Reputation: 600
I have this very simple dataset.
id <- c(12, 13, 26, 45, 55, 66)
group <- c("one", "one", "two", "two", "three", "three")
txt <- c("quick", "brown", NA, "fox", NA, NA)
df <- data.frame(id, group, txt)
df
> df
id group txt
1 12 one quick
2 13 one brown
3 26 two <NA>
4 45 two fox
5 55 three <NA>
6 66 three <NA>
I want to aggregate by group. I am trying this,
df |>
dplyr::group_by(group) |>
dplyr::summarise(txt = paste(txt, collapse = ", "))
# A tibble: 3 × 2
group txt
<chr> <chr>
1 one quick, brown
2 three NA, NA
3 two NA, fox
As we see the NA
are outed as characters. Secondly, three comes after one in the group column. I want to have something like this,
group txt
1 one quick, brown
2 two fox
3 three <NA>
Any idea how to fix this simple problem?
Upvotes: 1
Views: 71
Reputation: 270045
Check if all values are NA and if so return NA and otherwise remove the NA's and use toString on the remaining elements.
library(dplyr)
df %>%
summarize(txt = if (all(is.na(txt))) NA else toString(na.omit(txt)), .by=group)

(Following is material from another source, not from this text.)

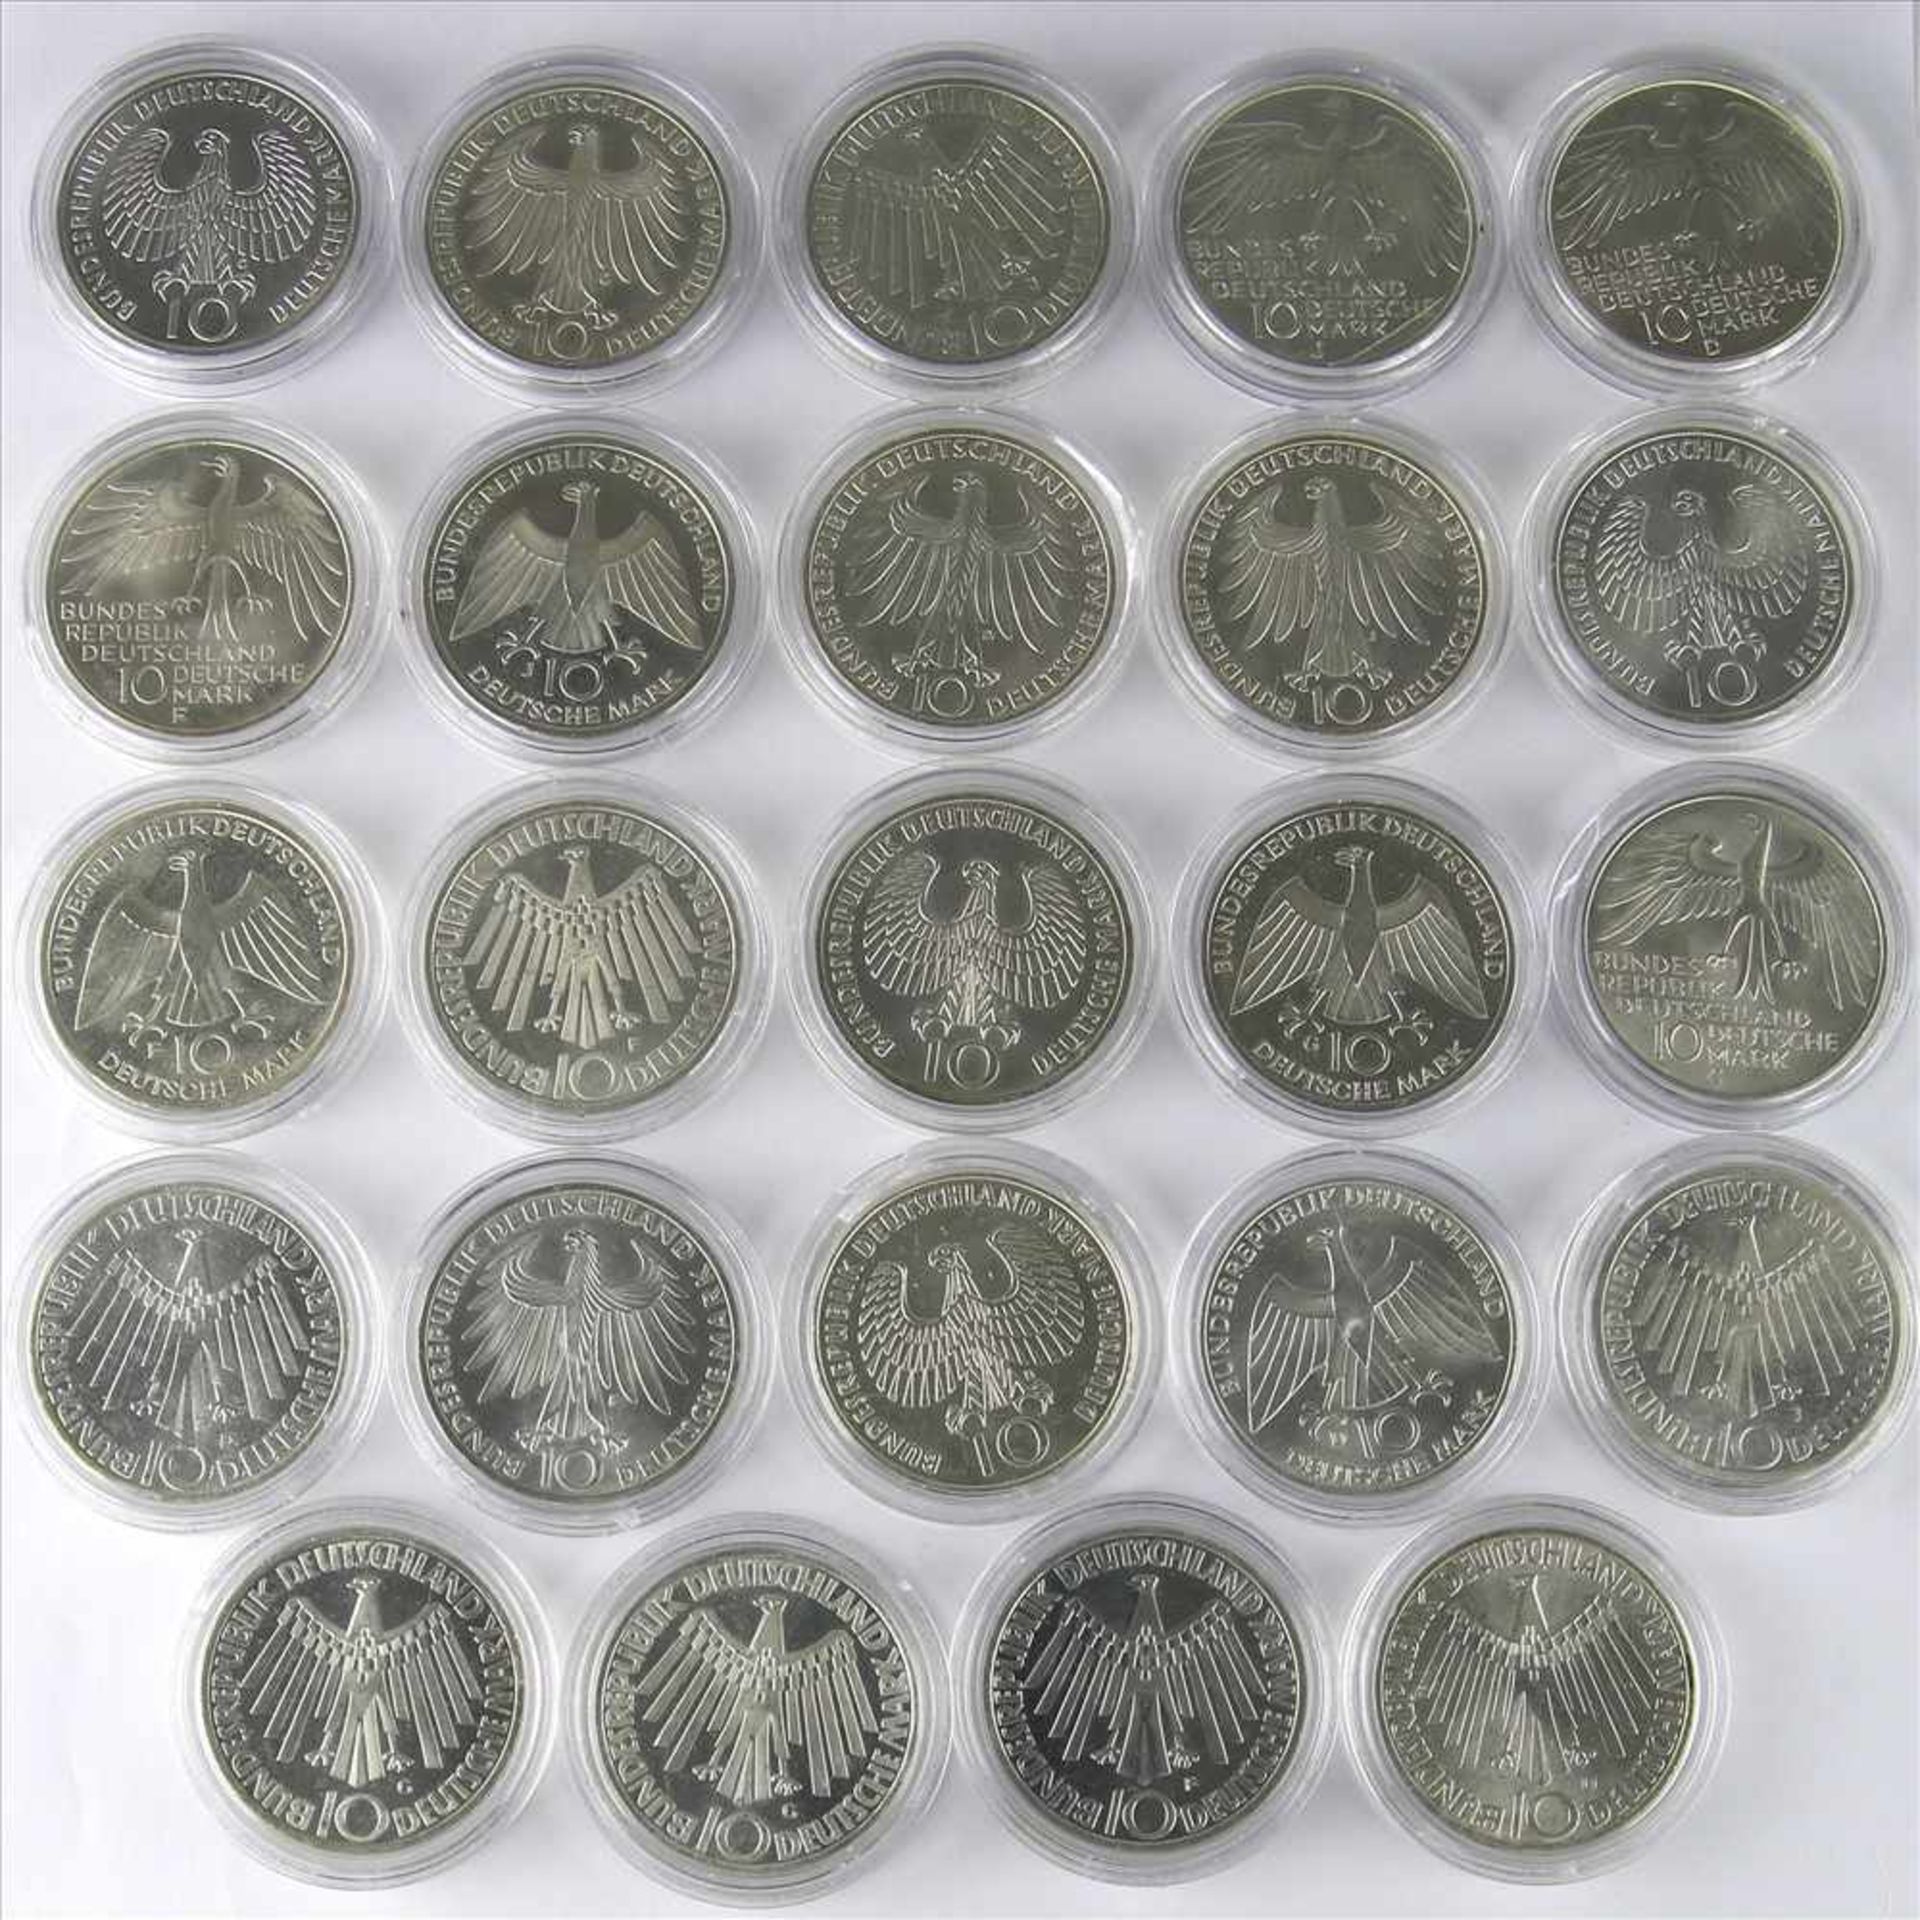 24 OlympiamünzenMünchen 1972. 10 DM. 6 Sätze á 4 Münzen (1 x doppelt) Präge D, F, G und J. Jeweils - Bild 2 aus 2

A variation of that approach which is slightly more compact is to compute toString as above but then use Find to return it or NULL if it is the empty string. ... %||% NA
then converts NULL to NA.
df %>%
summarize(txt = Find(nzchar, toString(na.omit(txt))) %||% NA, .by = group)
Upvotes: 0
Reputation: 7979
Base R
aggregate(txt~group, df, na.action = 'na.pass',
FUN = \(i) {i = na.omit(unique(i)); if (length(i)) i else NA})[
order(unique(df$group)), ]
group txt
1 one quick, brown
3 two fox
2 three NA
Upvotes: 2
Reputation: 389205
You may either handle it yourself by code -
library(dplyr)
df |>
dplyr::summarise(txt = if(all(is.na(txt))) NA else toString(na.omit(txt)), .by = group)
group txt
#1 one quick, brown
#2 two fox
#3 three <NA>
Or use hablar::max_
which does the same thing.
df |>
dplyr::summarise(txt = toString(hablar::max_(txt)), .by = group)
Upvotes: 2